高校での役職を頂いた期間も含めて4年間、PTA活動に関わって率直に思うことは、歯に衣着せない議論をもっと活発にするべきだ、ということである。
変革には明確なビジョンと綿密な計画、そして果敢な実行力が求められるが、年数回しかない会合の中で何かを変えよう、新しいことをしようとする時、一回毎の会合の重さは改めて言及するまでもない。
以下、本欄を借りて総会での挨拶を一部加筆抜粋して今号のエッセイとさせて頂く。
本県高P 連は昨年50 周年という節目を迎え、記念式典・祝賀会を催し新たな歴史の創造に向けて再出発したところでございます。
50年前の日本は、東京オリンピックが開幕、東海道新幹線が開通し、カラーテレビが普及し始め、カセットテープレコーダーが発売された時代でした。そして今日、国際宇宙ステーションが建設され、IT革命という言葉も、もはや15年前の流行語大賞であり、人工知能が向こう10年以内に、現在の職業の半分を人間にとって代わると言われています。高校生のスマートフォン所持率は2011年から爆発的に上昇し、2014年現在、実に96%に上ります。ラインの利用率も96%に上ります。ICT(情報通信技術)の発達は日進月歩であり、そのスピードは驚異的であります。人間が社会を変え、その社会が人間を変えつつあります。このように高校生のみならず社会全体が劇的に変容していくに伴い、私達PTAは何ができるのでしょうか。何をするべきなのでしょうか。
役員の皆様が学校や活動の現場で生じている課題・問題を放置せず、熱く議論して現状打破しよう、改革しようとし、安穏とした例年通りの踏襲では済まされない現状に直面し、改善に次ぐ改善を実行していらっしゃる。そこには涙ぐましい努力と大変なご苦労がありました。
それぞれ独自の特色ある活動の現場において、改善の余地は随所に見受けられることと思います。伝統行事を踏襲し継承させていくことも、とても大切ですが、それだけが本来の活動ではないはずです。時代錯誤的に陥らないためにも、現状に安住せず、一つ一つの活動の意味と目的を確認しながら、新しい目で見ること、リセットして見直すことの必要性を、私は痛感しています。そして、今、PTA活動の在り方が問われている、変わっていくことが求められている、と思うのです。

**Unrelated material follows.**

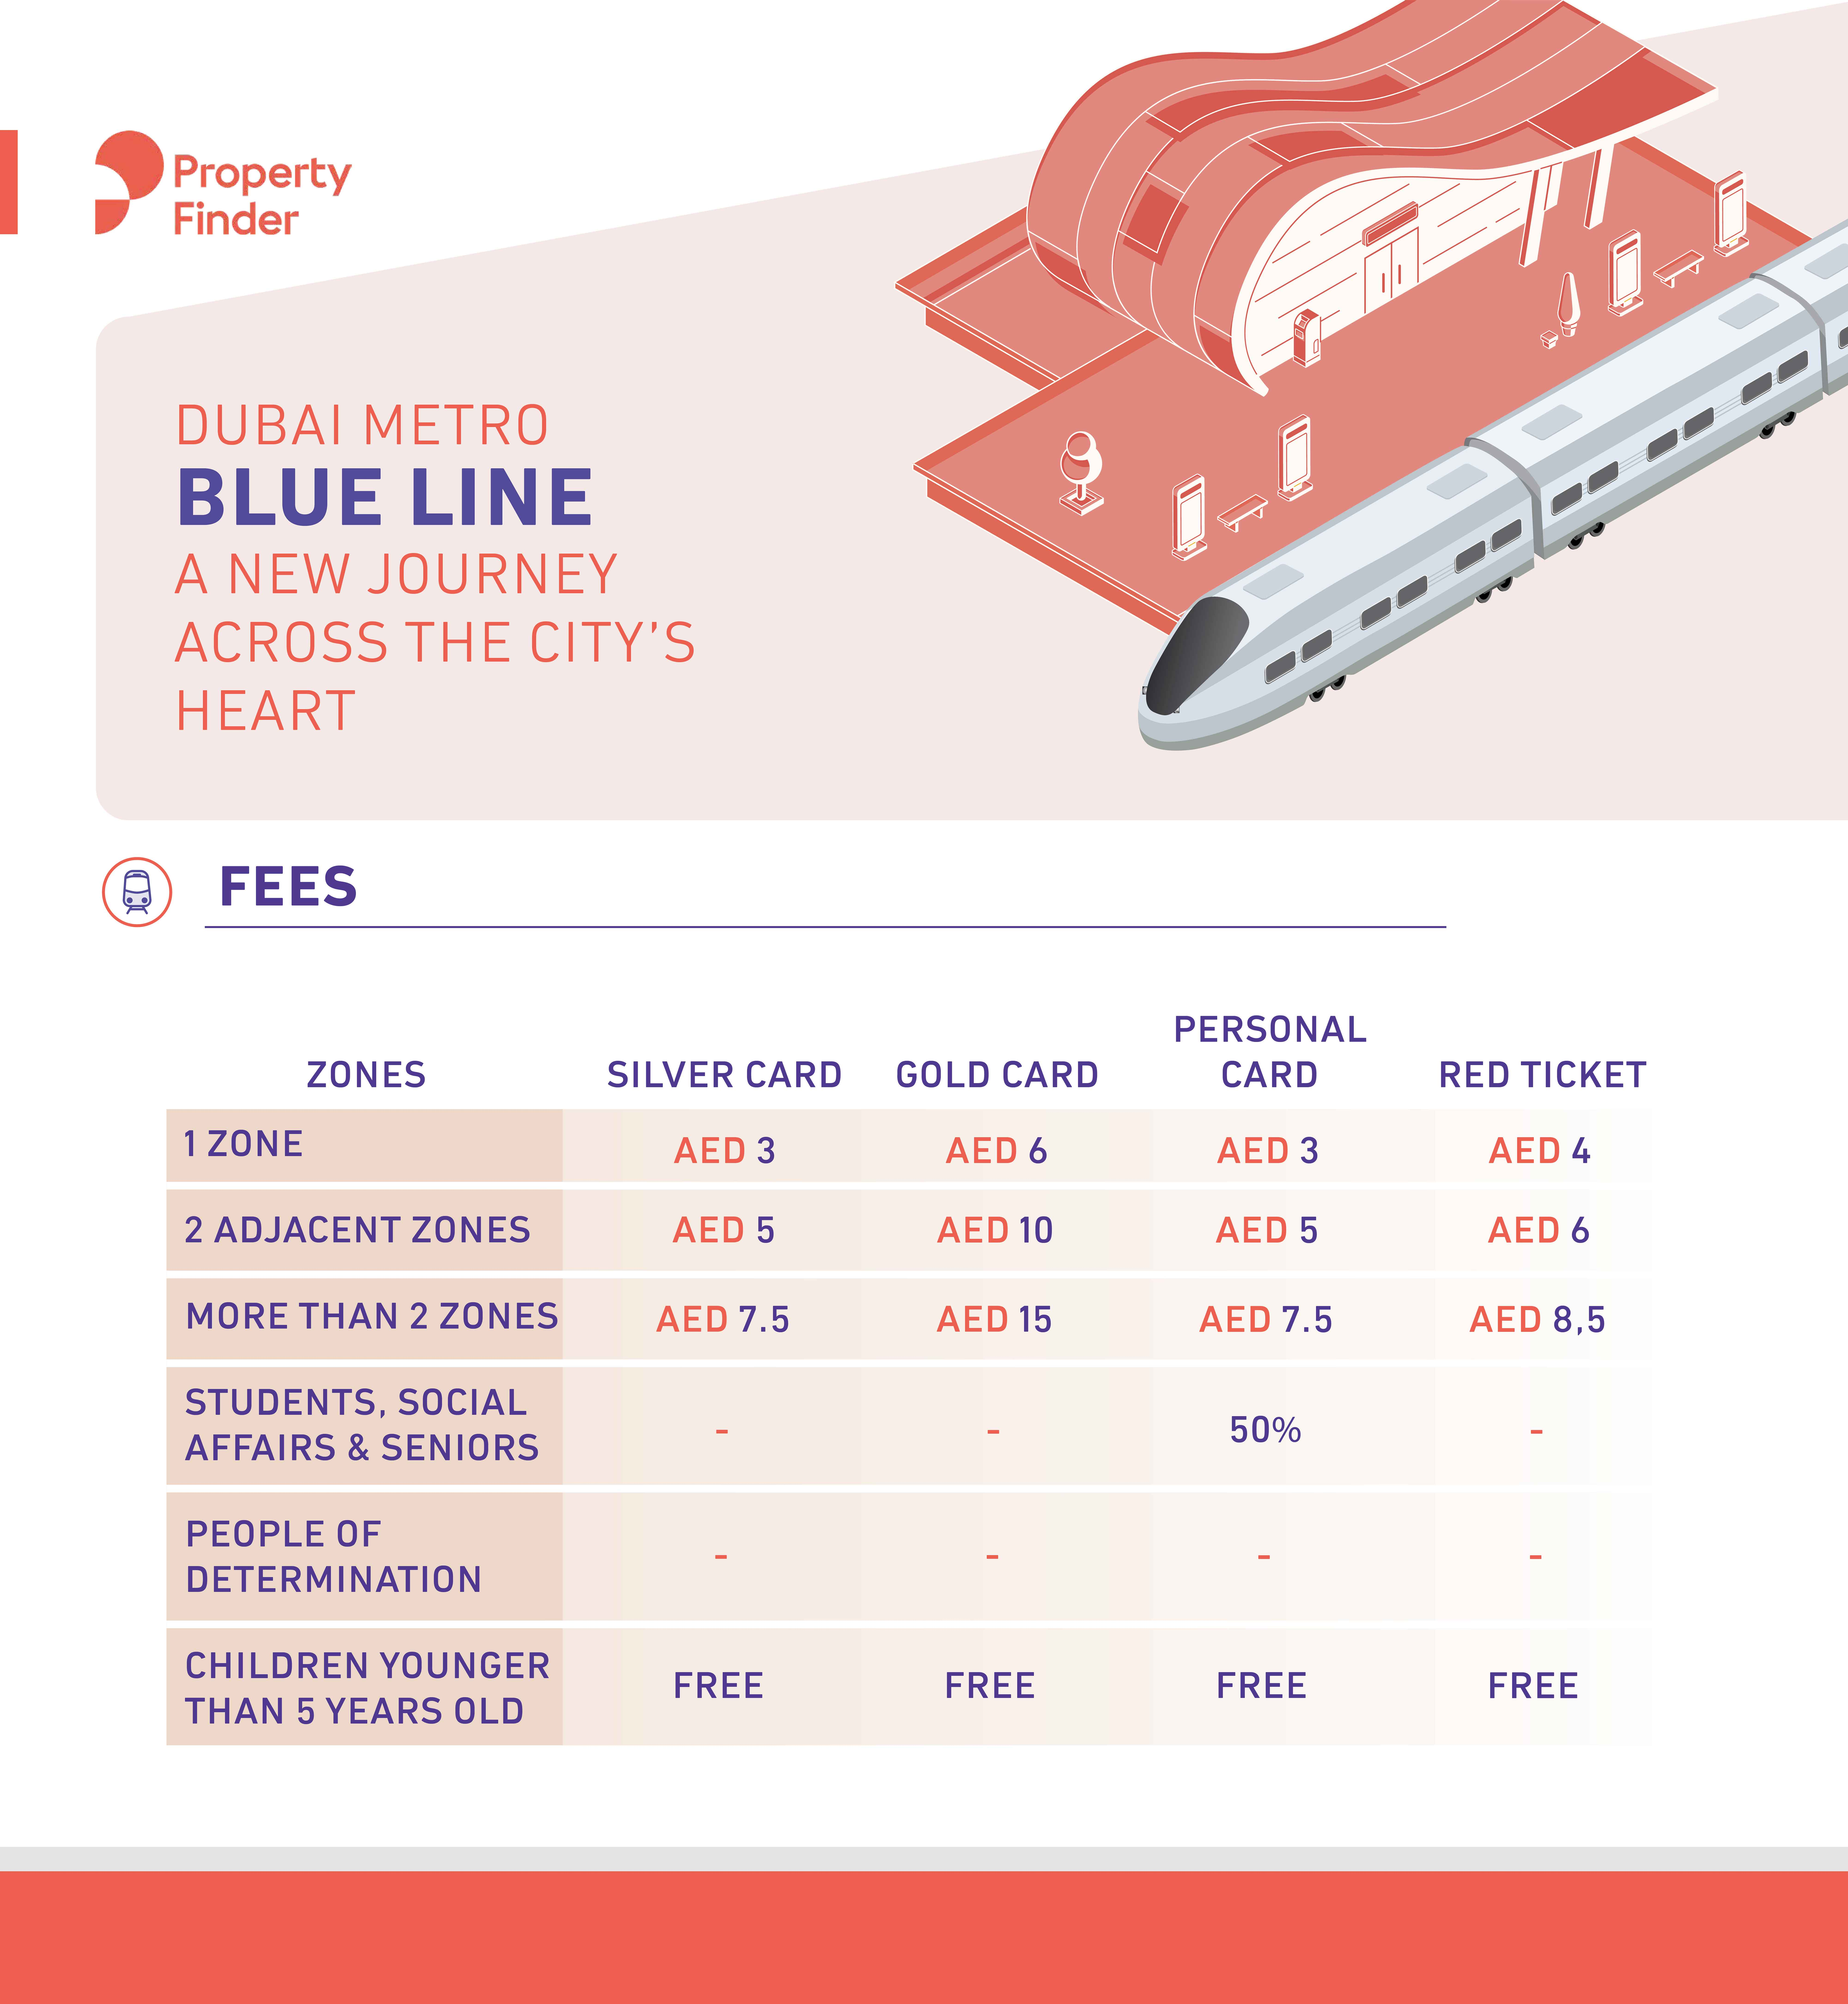 Blue Line Metro fees

防災教育、キャリア教育、急速に普及するスマートフォン・ソーシャルメディア等の安心安全な利用のための啓発活動等、学校・家庭・地域が連携し合っての取り組みの大切さは論を待ちません。政府の平成25年から29年度の第2期教育振興基本計画によれば「今まさに我が国に求められているもの、それは、自立、協働、創造に向けた一人一人の主体的な学びである」と言います。
この課題を達成させるためにも、何よりも、身近な諸問題の解決が大前提であることは、言うまでもありません。そして、「生徒の教育効果の向上と福祉向上」というPTAの目的の成就のために、先生方と私達保護者が同列に立ち、同一方向を向いて、協力し努 力していくことが求められていると思うのです。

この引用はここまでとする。